Further, you cannot trust users to police risks when they are not exposed to the consequences of those risks. All this bailout does it condition people that DeFi really is riskless. So when something large breaks it will be worse next time.

We also think the legal consequences for a few involved parties here will discourage taking action next time. So not only will some future problem overwhelm fundraising capacity – we think groups like Arbitrum's Security Council will be less likely to help out next time. So things will be much, much, worse.

Consequences

Truly immutable software is not capable of entering into contracts because it cannot do anything beyond what it was originally programmed to do. This was the US Fifth Circuit's logic in throwing out the Tornado Cash sanctions. And it feels reasonable to us.

But what does it mean to be "truly immutable"? It is easier to list things that do not qualify. If a DAO can upgrade the code it is not immutable. If a Security Council can take arbitrary action it is not immutable. If there are admin keys – secret or otherwise – it is not immutable.

What you instead have in these cases is a system with discretion and mutability that is ultimately governed by a group of people or companies. This is well-worn legal territory:

These groups are legally accountable for what their members do. Often any individual member can be held accountable for anything the group does through a legal concept called "joint and several liability."

That means Arbitrum's Security Council may well face scrutiny for not blocking sanctioned actor use of Arbitrum in the past. Just as LayerZero may face liability for running Kelp's system in an insecure fashion. Kelp could, for example, sue the LayerZero entity it was paying to run the bridge for negligence.

Would Kelp win? Who knows. But there is plausibly a case. Will Arbitrum's Security Council members face problems?

We will note there are a number of Iranian exchanges active on Arbitrum and two Security Council members are Israeli. One is a cybersecurity company that does smart contract audits and the like. You cannot make this stuff up.

Aave seems safest here. Aave's risk parameters turned out, ex post, to be inadequate. Of course someone could try to take legal action against something or someone Aave-linked. But Aave's got a solid defense here the risk was clearly stated and everyone involved knew exactly what they were doing.

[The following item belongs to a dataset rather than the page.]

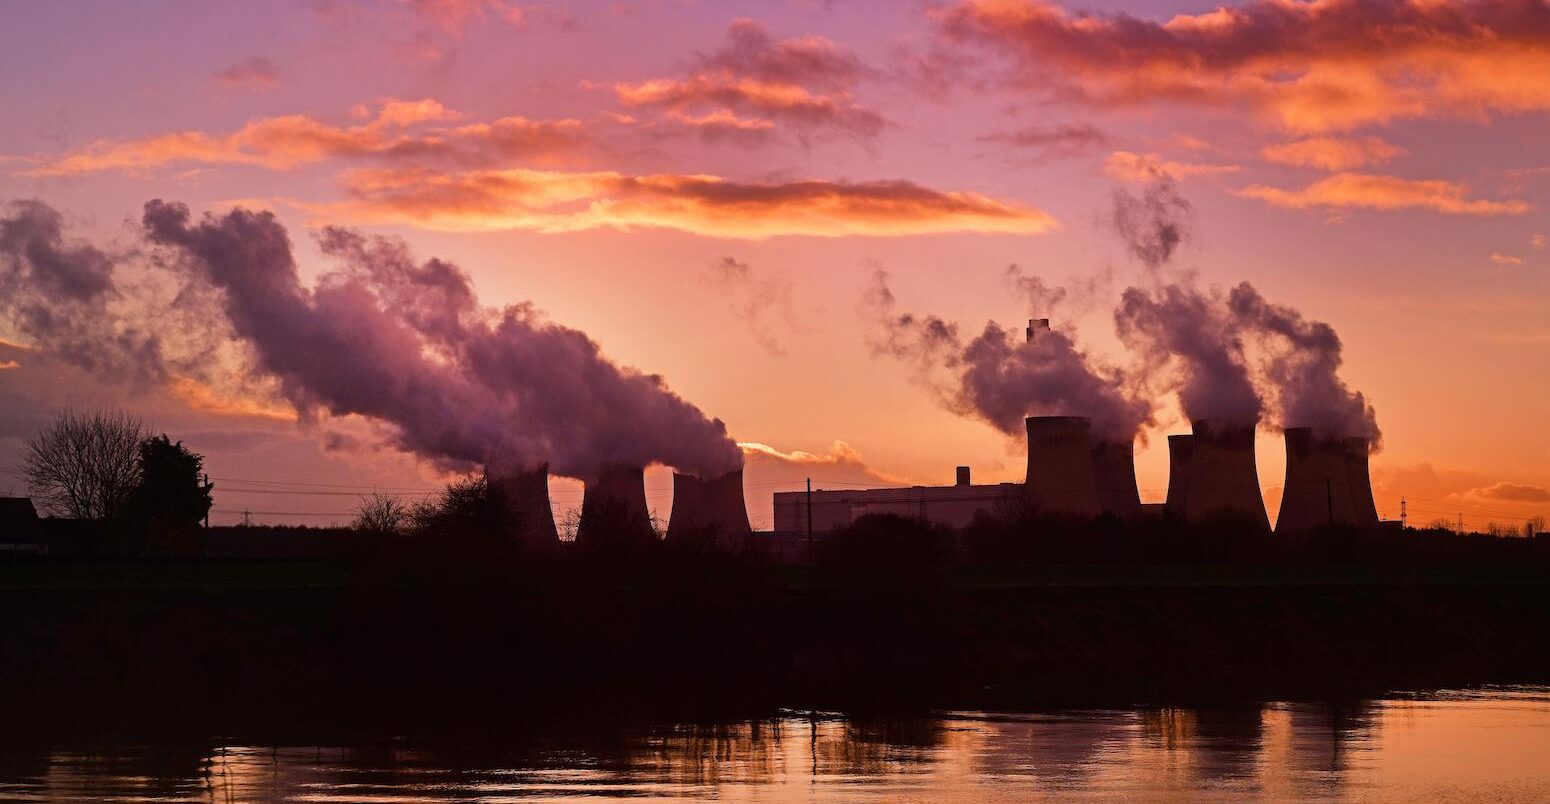 A Drax coal powered power station by the River Ouse in Yorkshire, UK. Credit: Paul Ridsdale / Alamy Stock Photo

Aave also has the most money. Who do you sue? The thing where the chance of paying multiplied by the amount of money they might pay is biggest. So somebody might have a go.

Aave also, reasonably, fears that if DeFi users realize they have been taking risk all along they might take their winnings and go home. Fair enough. We also wonder what Arbitrum users will think. This should, and probably will, cause a repricing across L2s as people wake up to the realities of custody vectors.